BEGIN INFORMATION

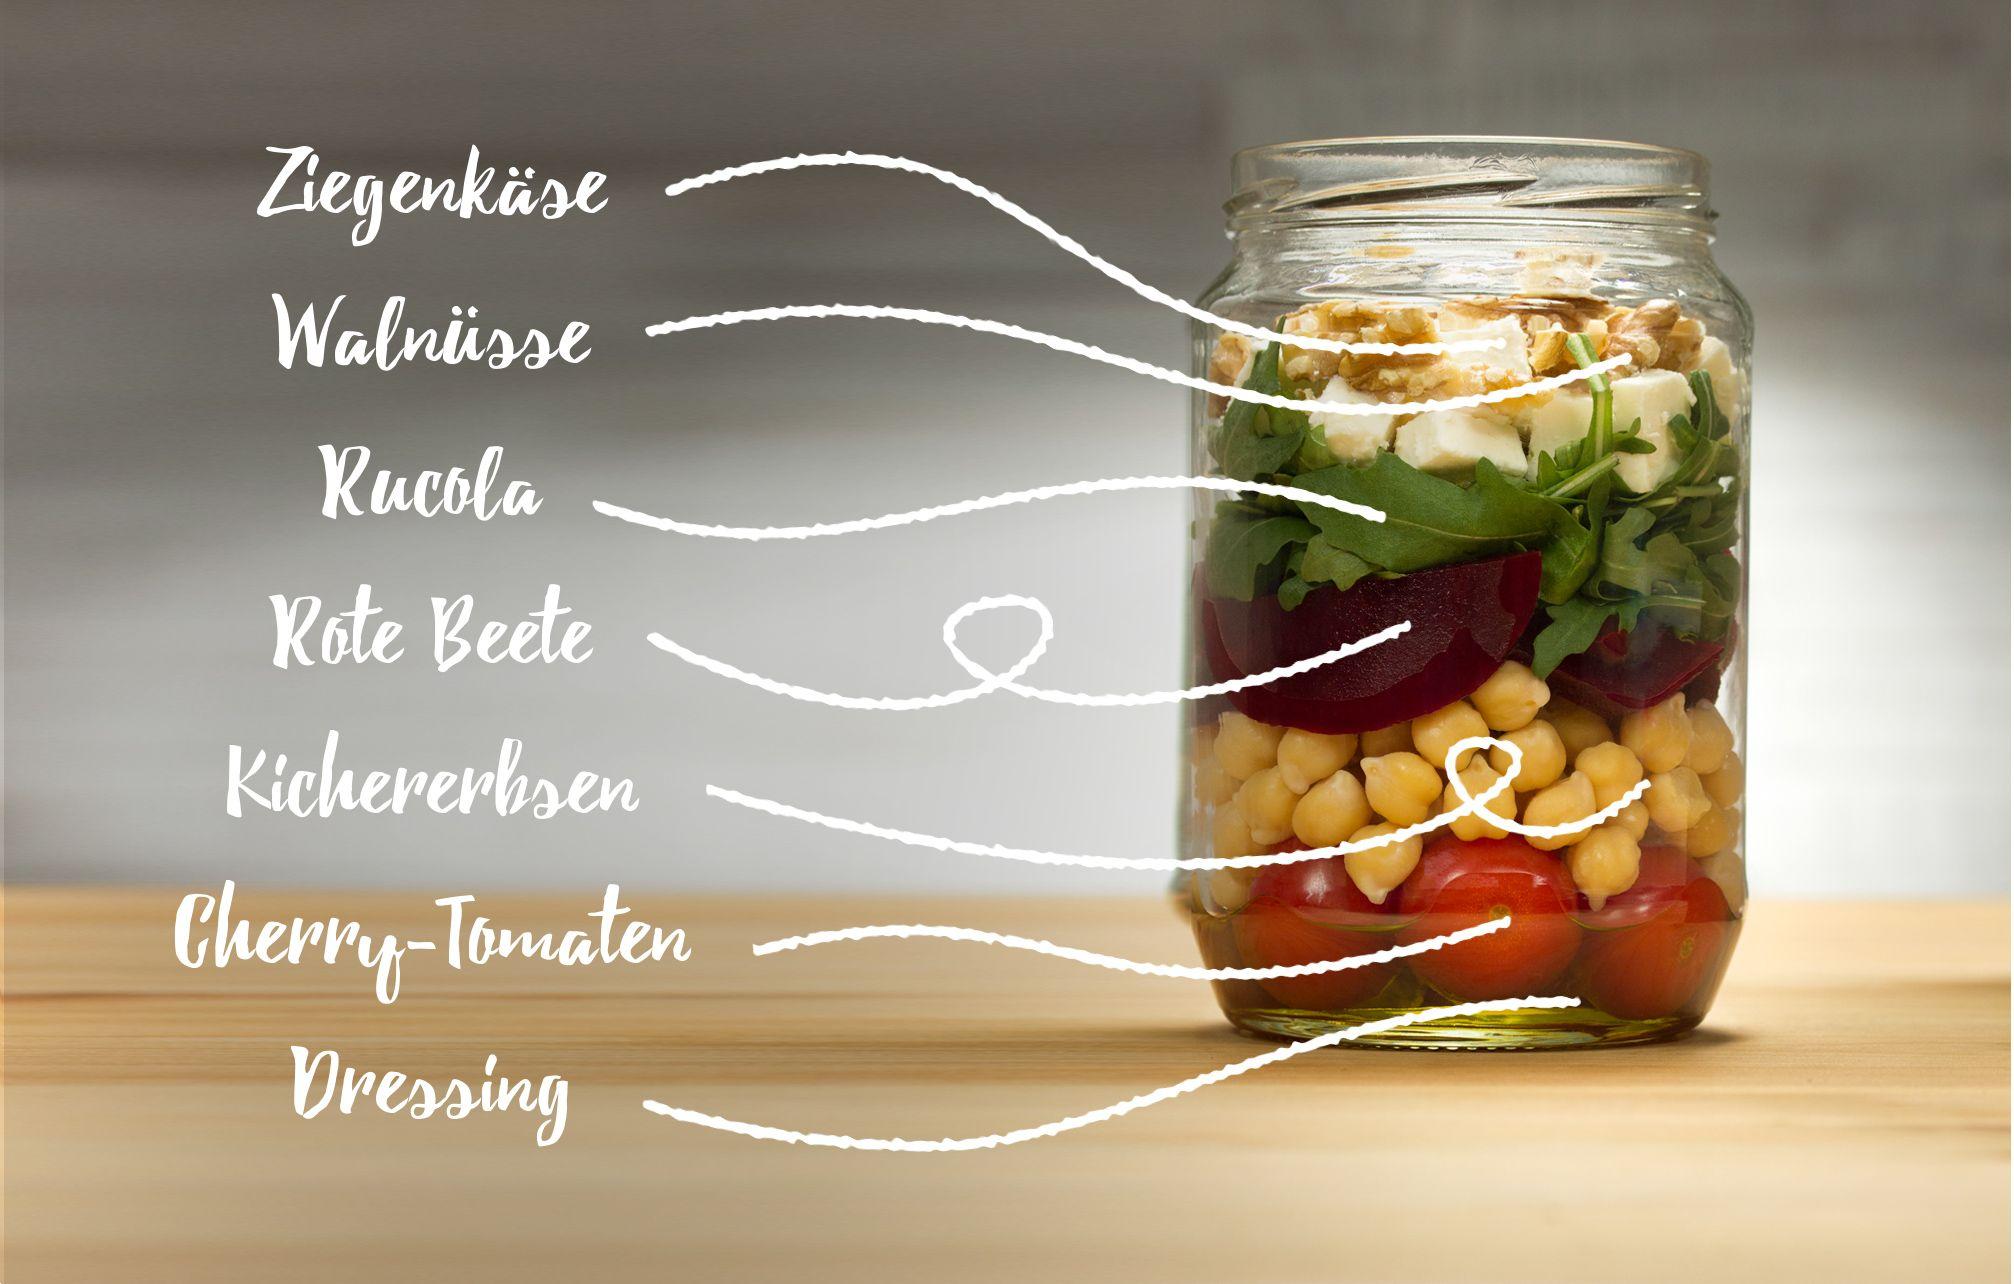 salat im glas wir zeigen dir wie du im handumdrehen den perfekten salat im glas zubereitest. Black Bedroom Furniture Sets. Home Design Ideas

END INFORMATION
BEGIN INFORMATION

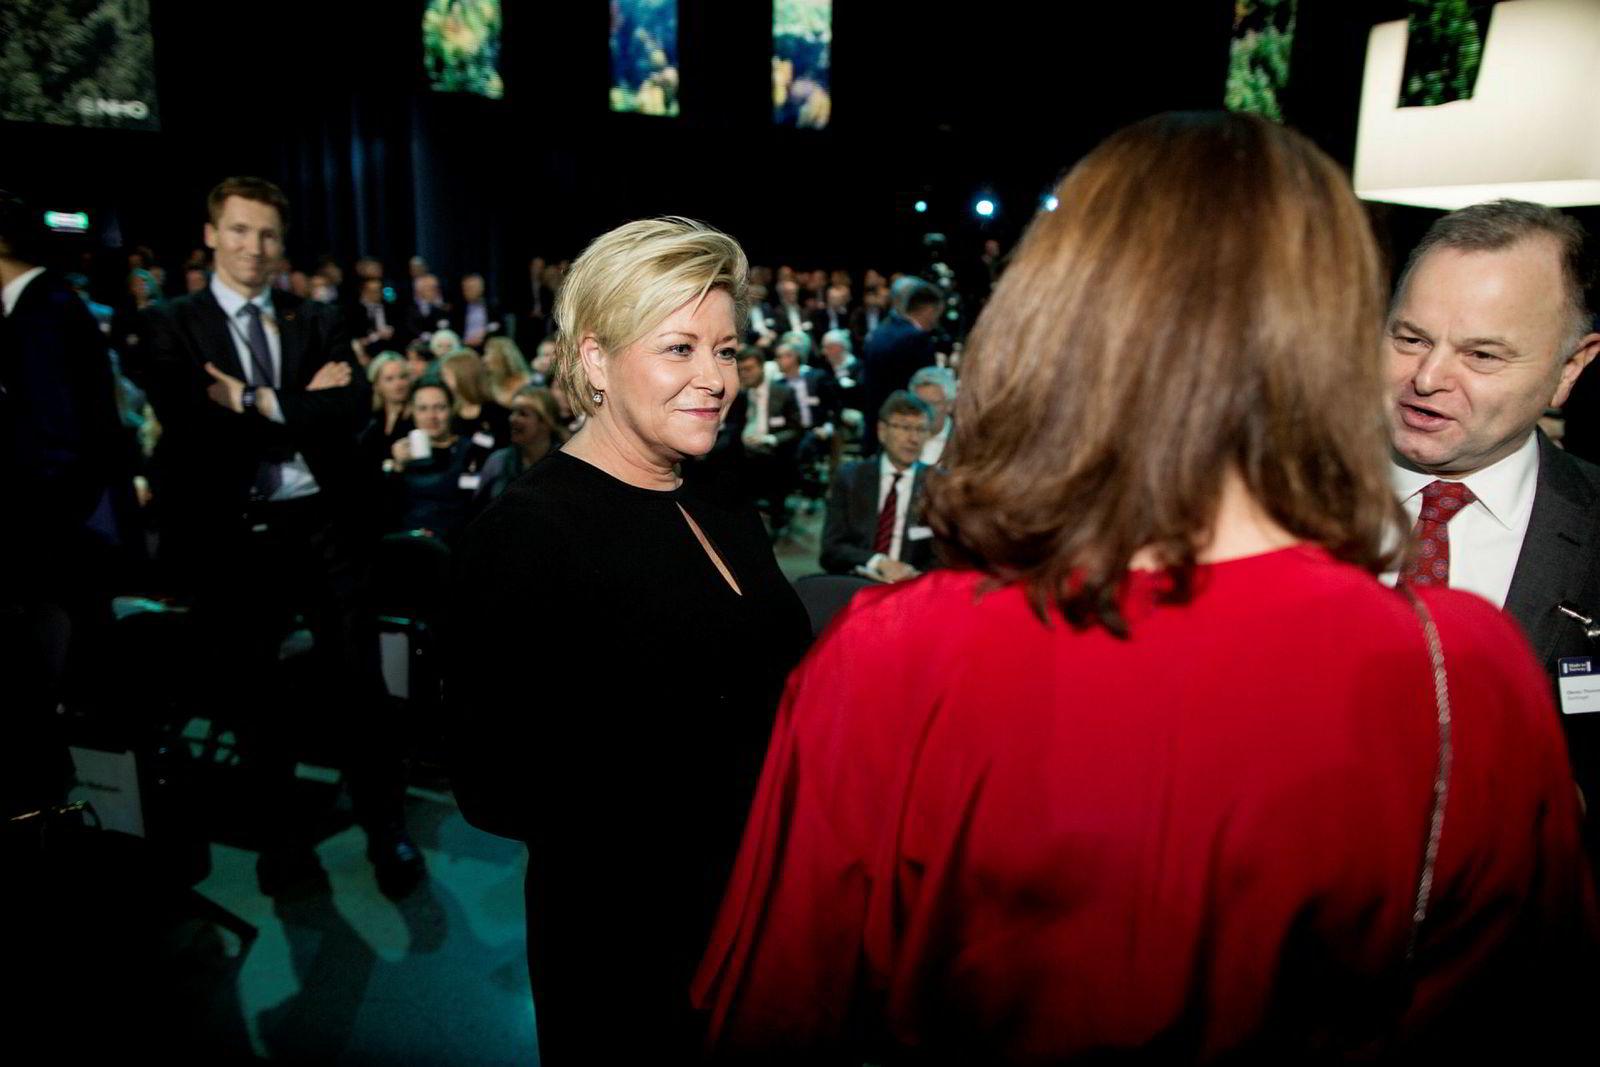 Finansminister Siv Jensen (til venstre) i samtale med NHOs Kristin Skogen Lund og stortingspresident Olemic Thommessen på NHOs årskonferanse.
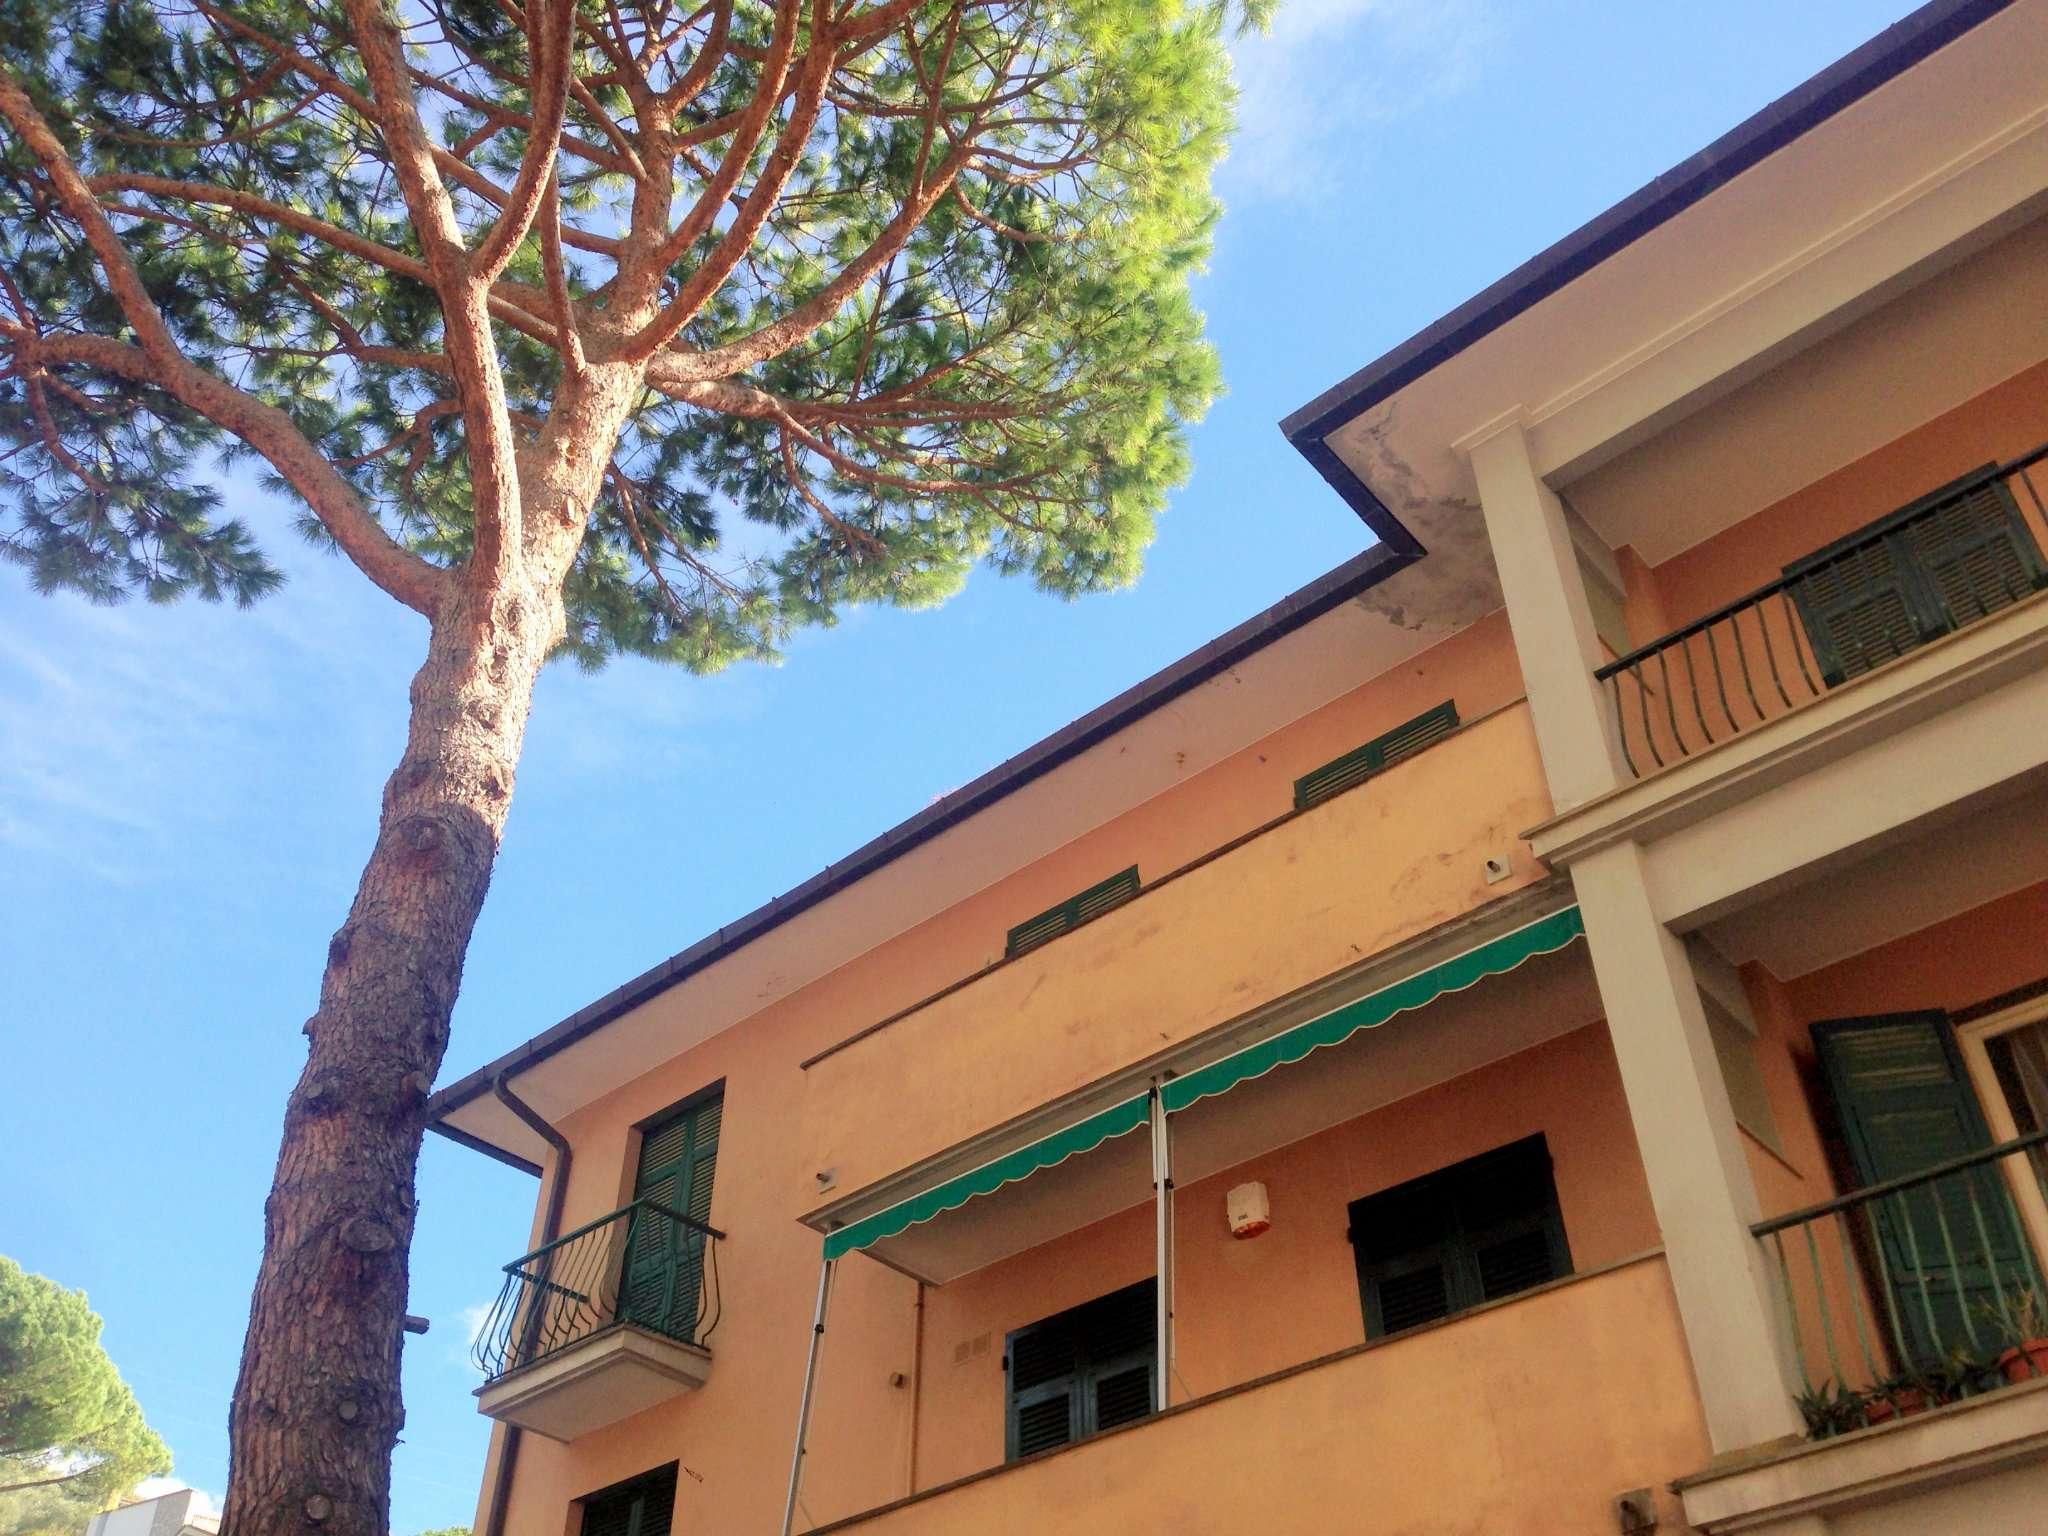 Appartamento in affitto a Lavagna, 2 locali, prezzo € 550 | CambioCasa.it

END INFORMATION

From the entries above, copy exactly the lines starting at the one with "Finansminister Siv Jensen" and stopping at the one with "Appartamento in affitto", keeping both ends. Drop the pictures.

 Finansminister Siv Jensen (til venstre) i samtale med NHOs Kristin Skogen Lund og stortingspresident Olemic Thommessen på NHOs årskonferanse.
 Appartamento in affitto a Lavagna, 2 locali, prezzo € 550 | CambioCasa.it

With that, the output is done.